C’est l’équivalent de 30 minutes de marche rapide, à une vitesse de 4 à 6 km par heure sur terrain plat. 30 minutes de marche correspondent à peu près à 10 000 pas, qui peuvent être comptés avec un podomètre. Entre 3 000 et 6 000 pas, l’activité physique est faible. A moins de 3 000 pas, l’inactivité est importante.
Ces 30 minutes peuvent être fractionnées en plusieurs fois. Néanmoins, dans la mesure du possible, il est préférable que chaque tranche soit d’au moins dix minutes.
A la place ou en plus de la marche rapide, on peut pratiquer des activités d’intensité équivalente : jardiner, faire du vélo, nager, laver la voiture, passer l’aspirateur.
20 minutes de natation rapide, de sports de combat, de tennis, de jogging, de randonnée avec dénivelés ou autres activités physiques d’intensité élevée équivalent aux 30 minutes recommandées.
Mais il faudra 45 minutes de marche lente, de bricolage, de repassage ou autre exercice d’intensité plus faible pour atteindre ce niveau d’activité.

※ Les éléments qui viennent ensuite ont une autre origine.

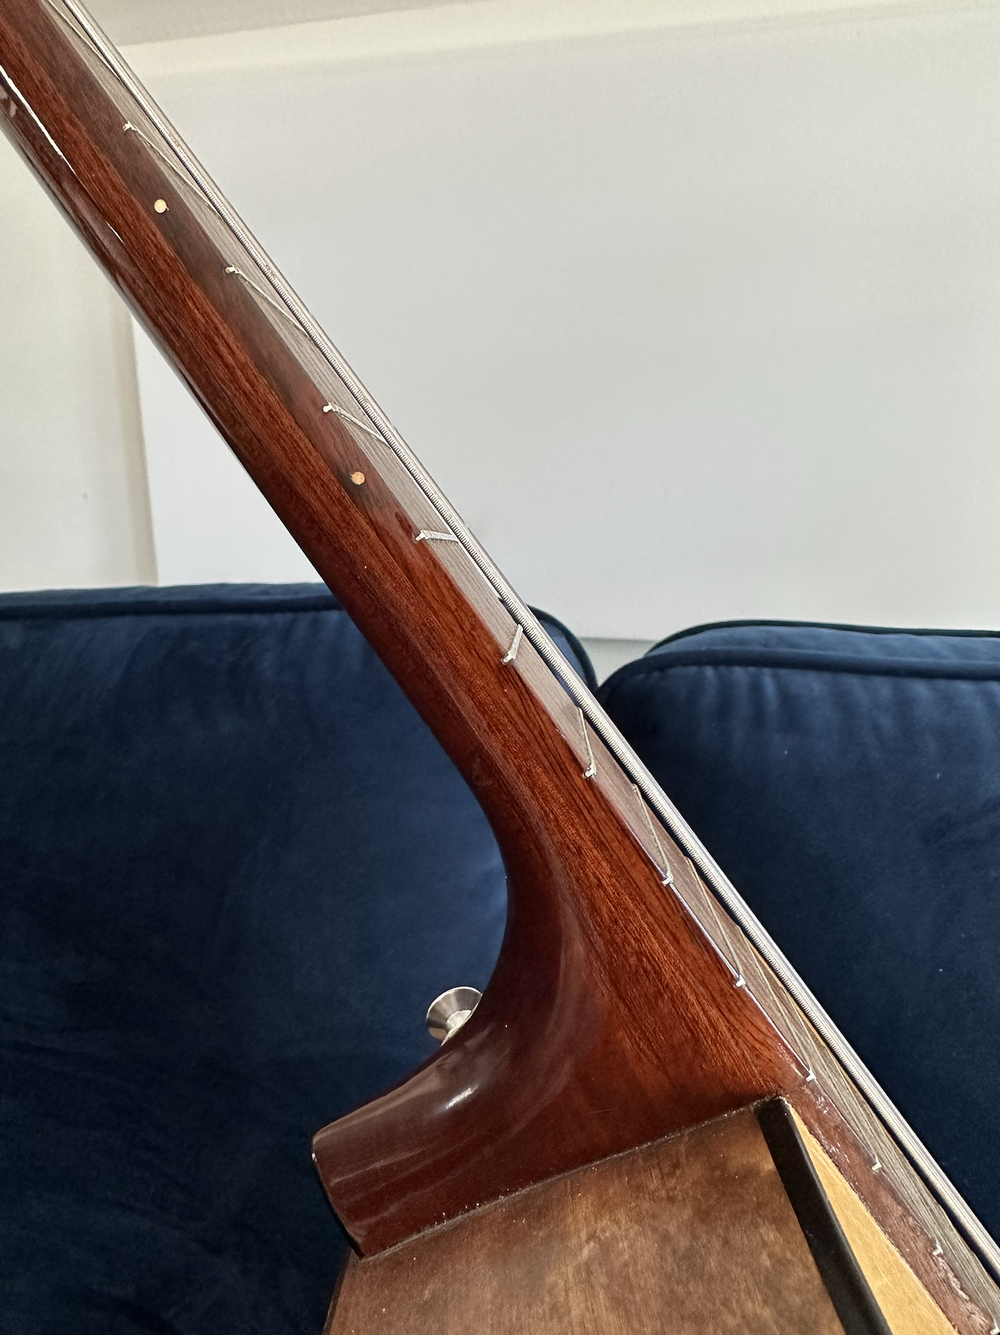 Goya Nylon String Guitar - 1960s or 70s. — Jackson Emmer

Intensité | Exemples d'activités | Durée |
|---|---|---|
Faible | - Marche lente (4 km/h) | 45 mn |
Modérée | - Marche rapide (6km/h) | 30 mn |
Elevée | - Marche en côte, randonnée en moyenne montagne | 20 mn |
Conclusion
Il est essentiel en premier lieu suivre les conseils de votre médecin.
Il existe deux moyens efficaces de combattre : mieux se nourrir et bouger plus. Apparemment simples, ces préceptes supposent pourtant des changements de comportement profonds.
Sources
Plan national de nutrition santé, Ministère de la Santé, 2002 et 2004. www.mangerbouger.fr
Etude familiale HERITAGE, d’après Couillard C et al. Arterioscler Thromb Vasc Biol 2001 ; 21 ; 1226-32.
Roberts CK et al. Effects of exercise and diet on chronic disease. J Appl Physiol 2005 ; 98 : 3-30.